Bugzilla – Bug 5015
null pointer exception when submitting job to nightly build
Last modified: 2007-02-28 01:28:26
You need to log in before you can comment on or make changes to this bug.
I get a null pointer exception, and a bit before that, there is a warning: 2007-02-16T10:39:52,701-05:00 WARN factory.ManagedJobFactoryService4_0 [ServiceThread-25,createManagedJob:363] ComputingElement/any is null I notice now there is a v4_2 ManagedJobFactoryService, but I'm just hitting up the usual (4_0 ?) one. Anyway, I'll attach the container log with GRAM debug turned on. I have tried submitting a job programmatically, from a remote 4.1.0 host using globusrun-ws, and locally using the nightly build's globusrun-ws program, and I get this exception with each and every method. I have also been wondering, is the globusrun-ws command line tool still the preferred one for job submission? Thanks... Adam
Created an attachment (id=1189) [details] container log w/ the null pointer exception in it
Created an attachment (id=1190) [details] the job description file
The warning 2007-02-16T10:39:52,701-05:00 WARN factory.ManagedJobFactoryService4_0 [ServiceThread-25,createManagedJob:363] ComputingElement/any is null can be ignored; i'll change that to a warning soon. v4_2/ManagedJobFactoryService is the Job Factory Service which accepts JSDL job descriptions.

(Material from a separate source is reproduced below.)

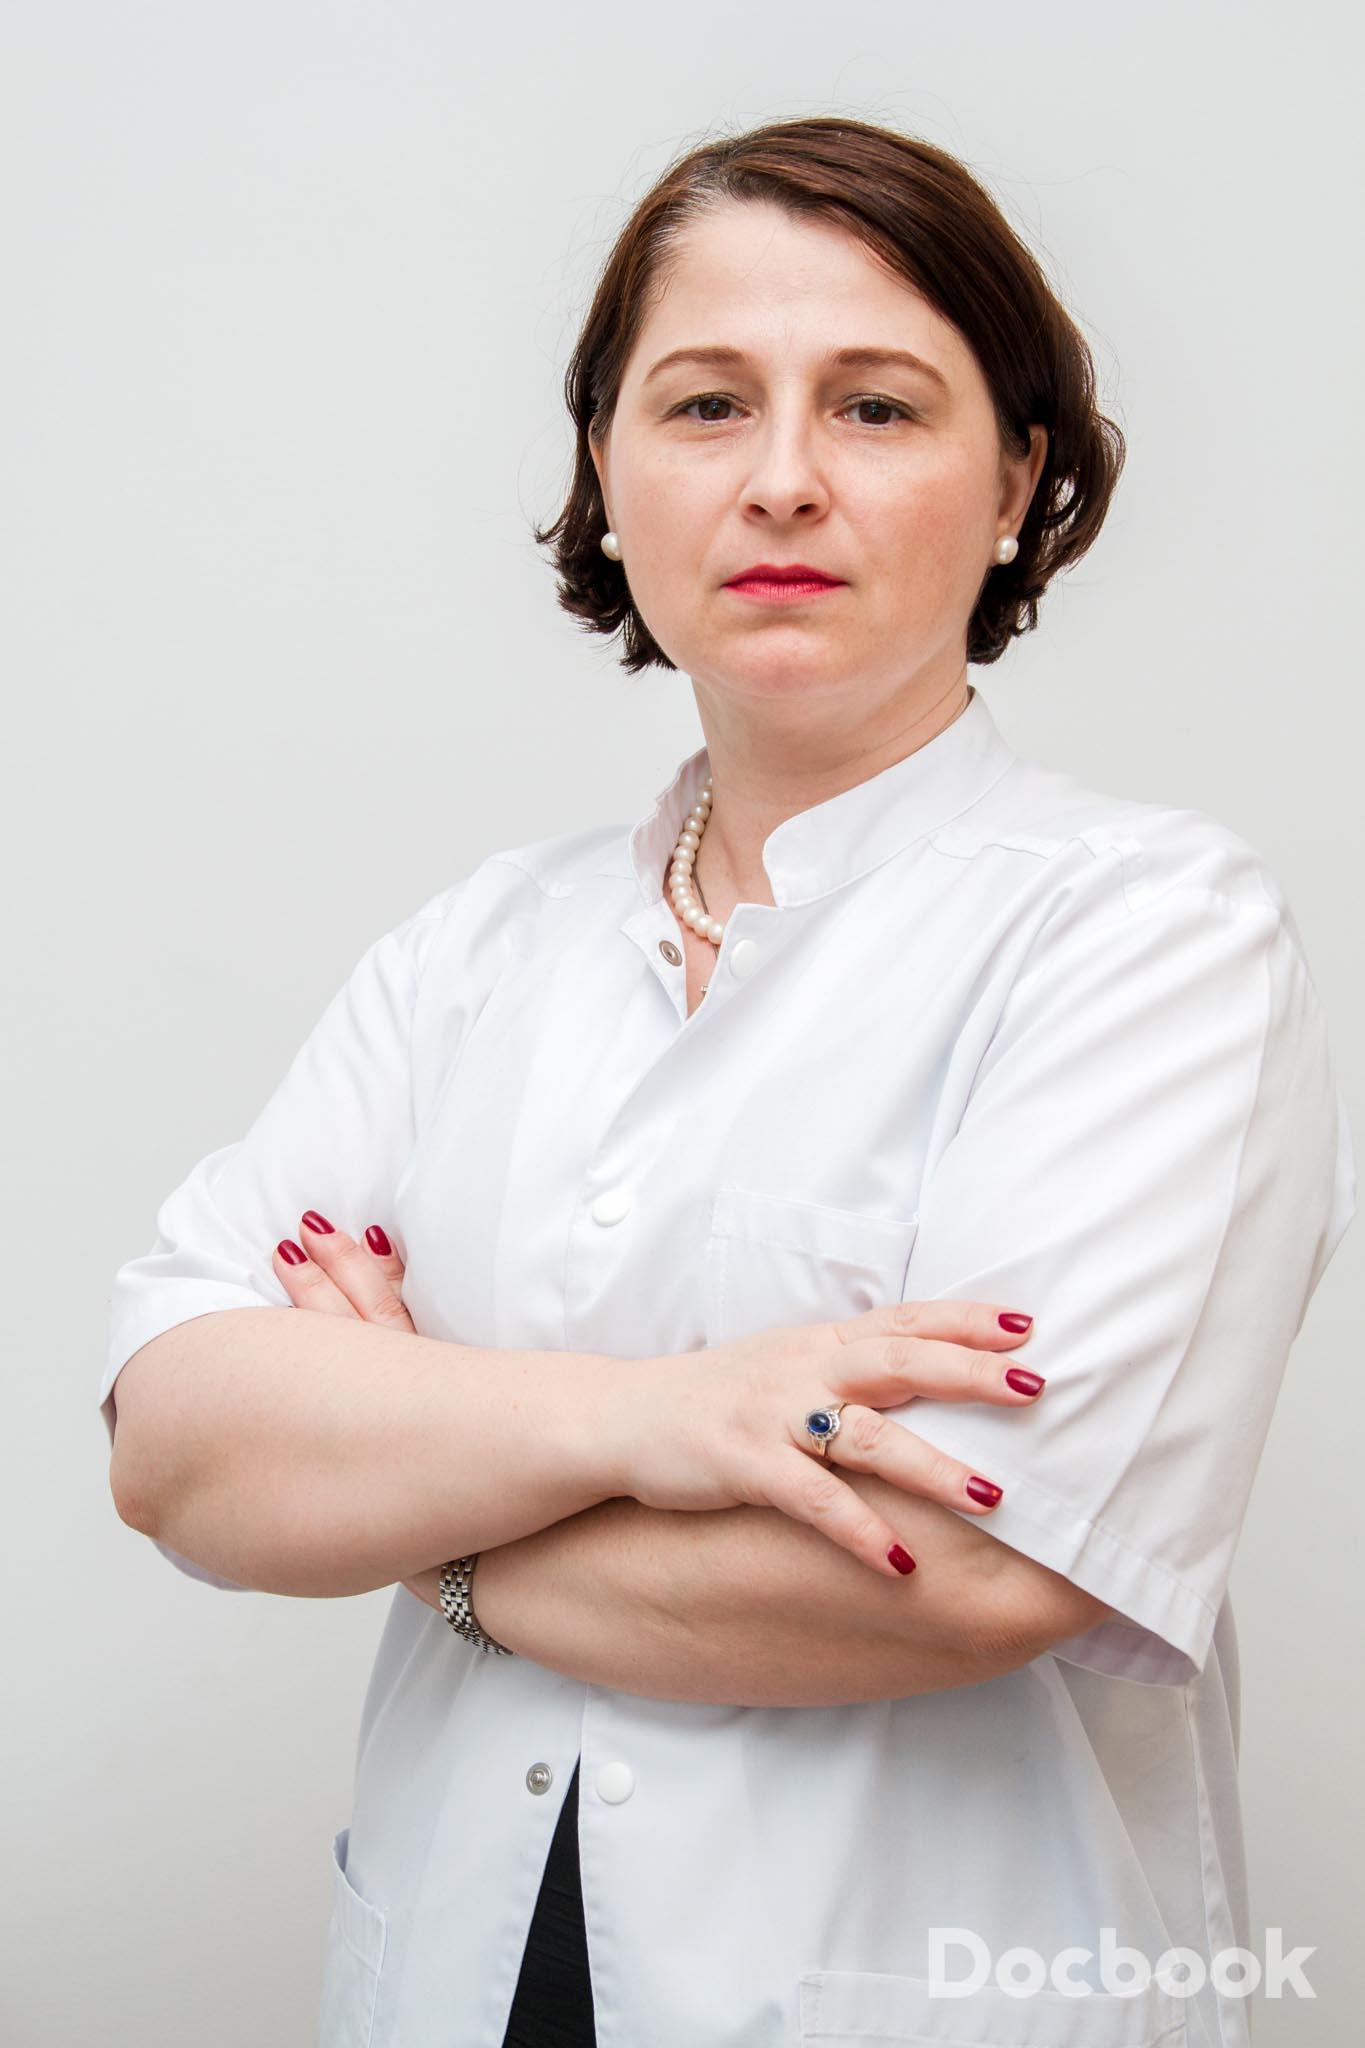 Dr. Camelia Diaconu

So you're right when you use the usual one to submit jobs described in the WS-GRAM job description. For simple job submission the globusrun-ws command ist the preferred one. For concurrent job submissions Condor-G can be used. But i'm not sure if this can be done with a container from cvs HEAD so far. Now, the nullpointer exception: It's the extensions element in the job description that causes the problem. I guess you submit to Condor if you use the should_transfer_files and when_to_transfer_output extensions? Otherwise you don't need them. I found that the problem seems to occur as soon as more than one extension element is specified in the job description document. We didn't know that so far and I'll have a look at that but can't tell you when right now. Maybe you can avoid using them until we fixed that? Thanks for posting that bug!
Unfortunately we rely on the extensions block for submitting to Condor, PBS, etc... but thank you for the other information. Concurrent job submission with Condor-G is something that interests me and I wouldn't mind knowing if there are any docs about what you are referring to. Finally, if there is any documentation describing what the advantages of switching to JSDL are, perhaps I could start future-proofing us.

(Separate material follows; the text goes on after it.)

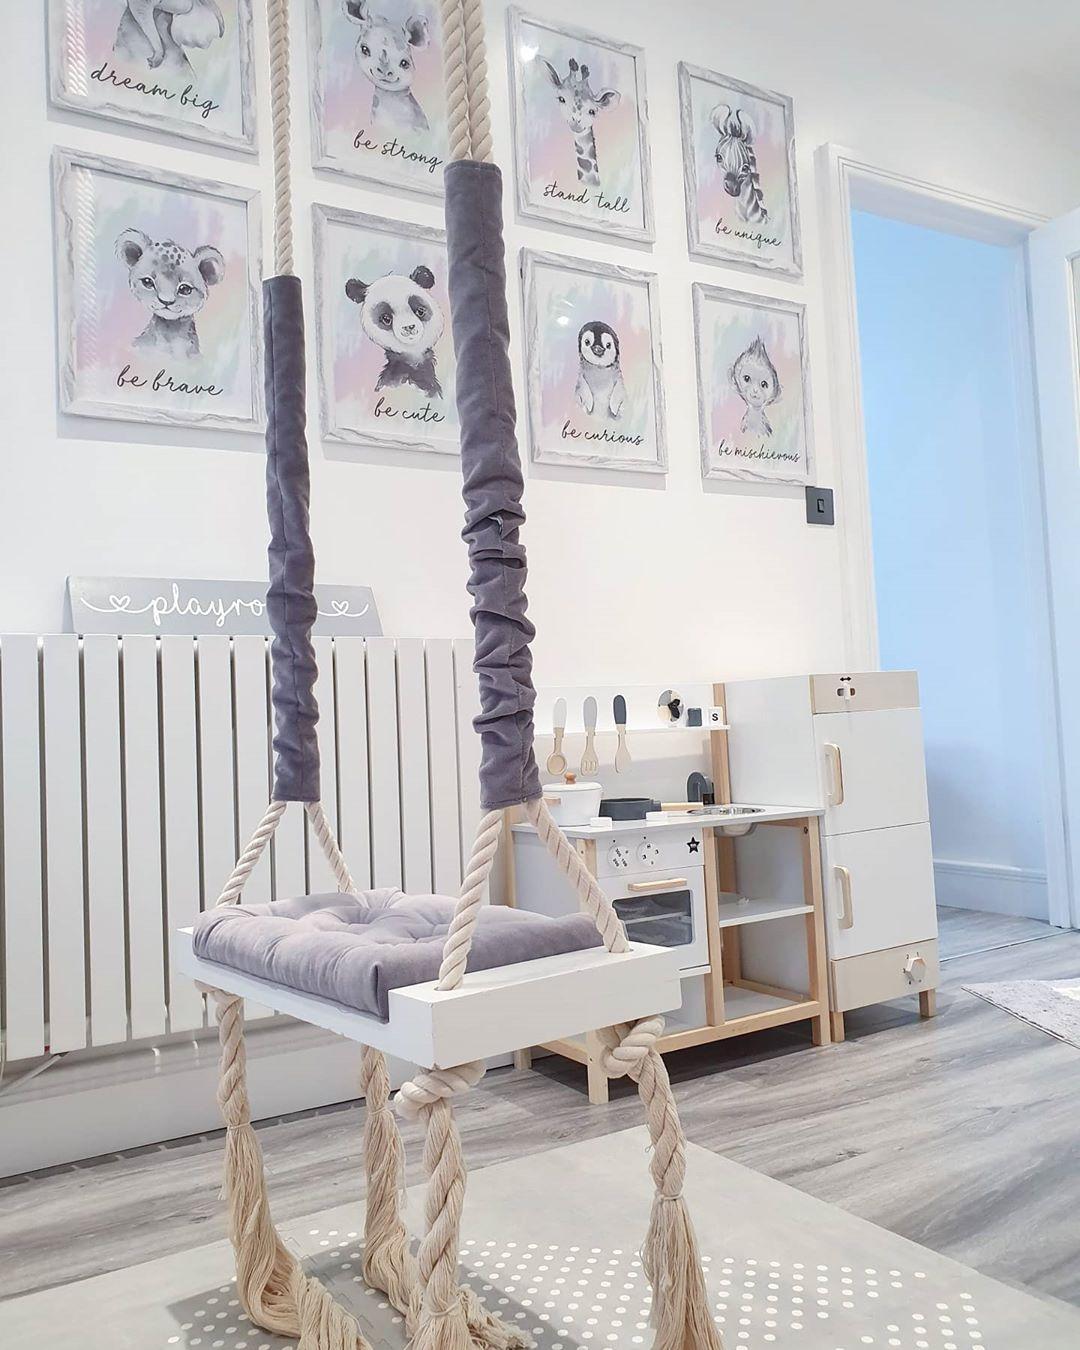 Milano Capri radiator in a white playroom

Adam, i fixed that NullPointerException some minutes ago. Also the warning in your initial description is a debug statement now. If you want to test it, get WS-GRAM from cvs HEAD (cvs co ws-gram). And unfortunately you should recreate your database for WS-GRAM persistency data once more. Some datatypes had been wrong for MySQL and PostgreSQL which caused serialization problems. Regarding Condor-G: We use it as client to test WS-GRAM in large, concurrent job submission and advise to use it for this scenario. We wrote some of the experiences we gained during these tests to a recommendation-paper. I'll send it to you via email, see if it's useful for you. Regarding JSDL: From my point of view there's no real advantage, but some communities want it, and it's a standard for a job description language. So i guess it's a good thing to support it. I'll mark this bug as fixed and close it. Don't hesitate to open new ones if you find things that don't work; we're glad to have persons like you who point us to things we didn't find so far.